Wednesday, March 19, 2008

Love

It's a funny thing - I could say I love sour cherries, eating them semi frozen as my mom and I would sit around a large bowl and pit them for tart filings, but that's not quite the same love as "I Love You," and even that is an odd statement - I love Sheldon, Max and Leaha but none of them in the same way of course. That kind of love I understand, the kind of romantic love that I am supposedly searching for - honestly I haven't got the foggiest idea of the start and end to that definition. In that I'm always so cognisant that the concepts/ideas we develop about romantic love are distorted. I was thinking about Atonement this morning, in using the concept of the unreliable narrator/ways of seeing/whatever other literary device you want to pick, the author and director ultimately highlight the distorted notions of romantic love we hold on to. And yet I still can't say that I don't desire the relationship that Cecilia and Robbie had - the devoted nature and hope for something life long. And maybe that is where the lines between reality and fiction begin to blur, this concept that there can be something at great, something that sustains people apart from one another through the years and thus I wait. I've said to N before at work, it's my life don't I get a say, can't I be picky - it's going to be my life partner in theory right? Apparently to some (aka Three) my pickyness is my own fault - a random decision I make on a whim because gosh darn it I love to waste money, time and emotional energy on people. Not quite, however, I do like to ensure the people I devote my time and emotional energy to have their walk, talk/type and heart all going in the same direction and not in various different ones all leading to self gratification at the expense of others - those people, like Three, while possibly nice are not the kinds you have relationships with. Maybe I am a little frosty to some, but I know I can't be reckless with it: love, life and my heart - any of those would break me - I do however chose to let myself be open to it enough to bruise, scab and even scar and then move on.

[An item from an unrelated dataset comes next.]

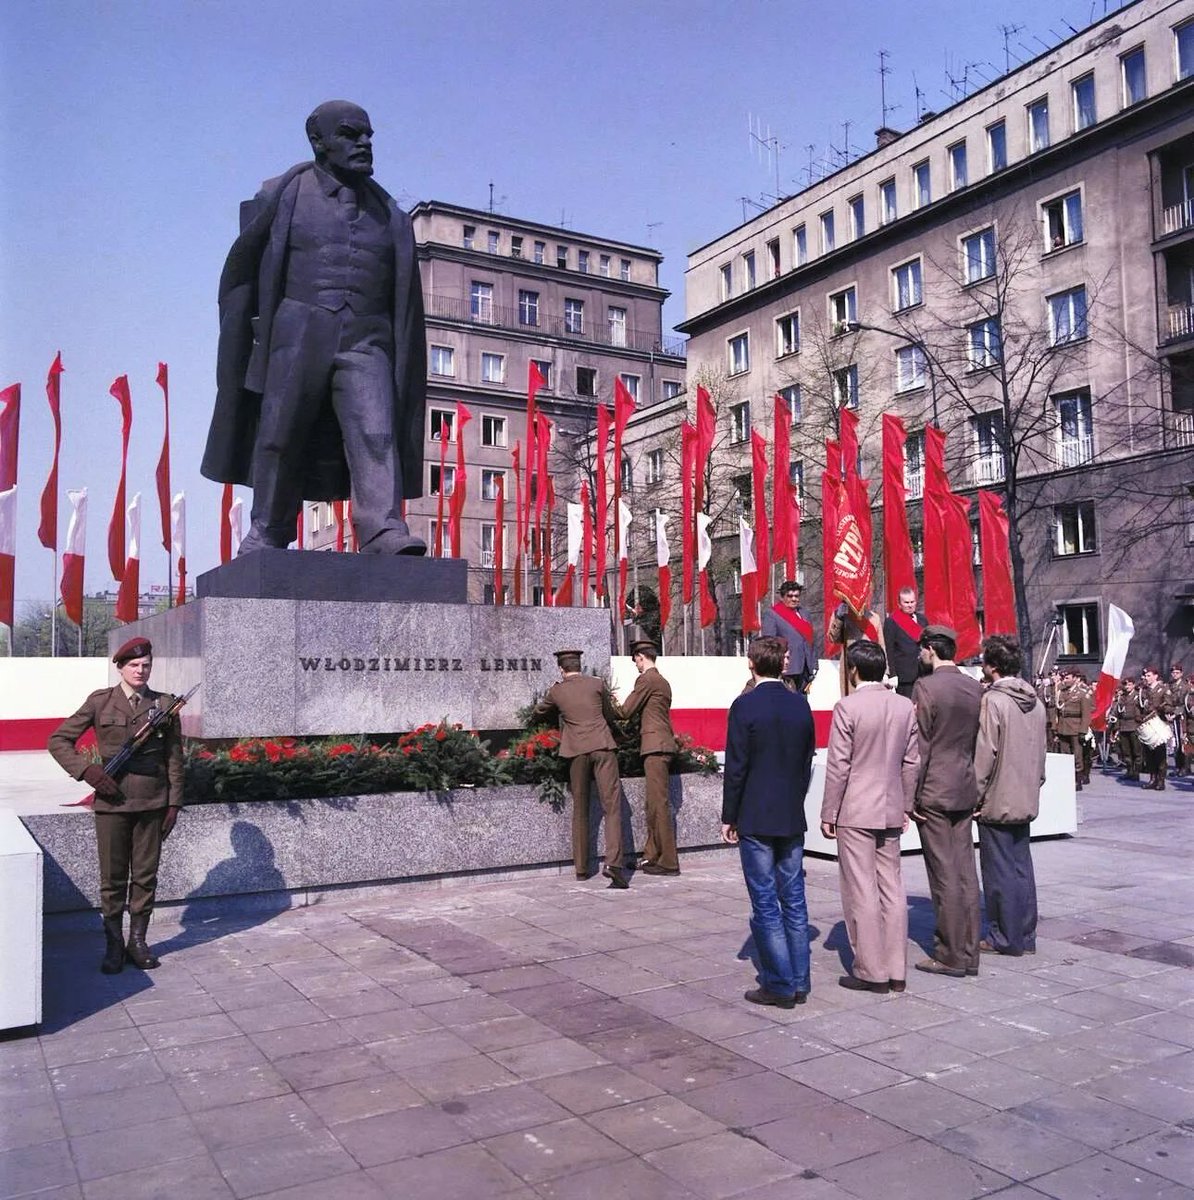 Delegations lay wreaths at the Lenin monument in Nowa Huta, Kraków, Poland, 1984

So love... I love it. I love the idea of being devoted to someone, of being devoted beyond the levels I am to my friends, family and even Max - but it's going to take changes in my life, my season to open that opportunity up for me.

3 comments:

LeahA said...

OH JENN!

Brilliant


Love you too boo!

Shawn said...

Well I can say we both agree that we don't understand it.

Anonymous said...

Ah, love. *sweet sigh*

Saying "I love you" is very powerful... and unfortunately I believe people use it too liberally these days.

Unfortunately people rely too much on the physical to get them through, whereas the things that last (personality, morality, spirituality... etc) are often put at the lower end.

Don't get me wrong - there needs to be some physical connection, but I never place a greater weight on it as what I once did.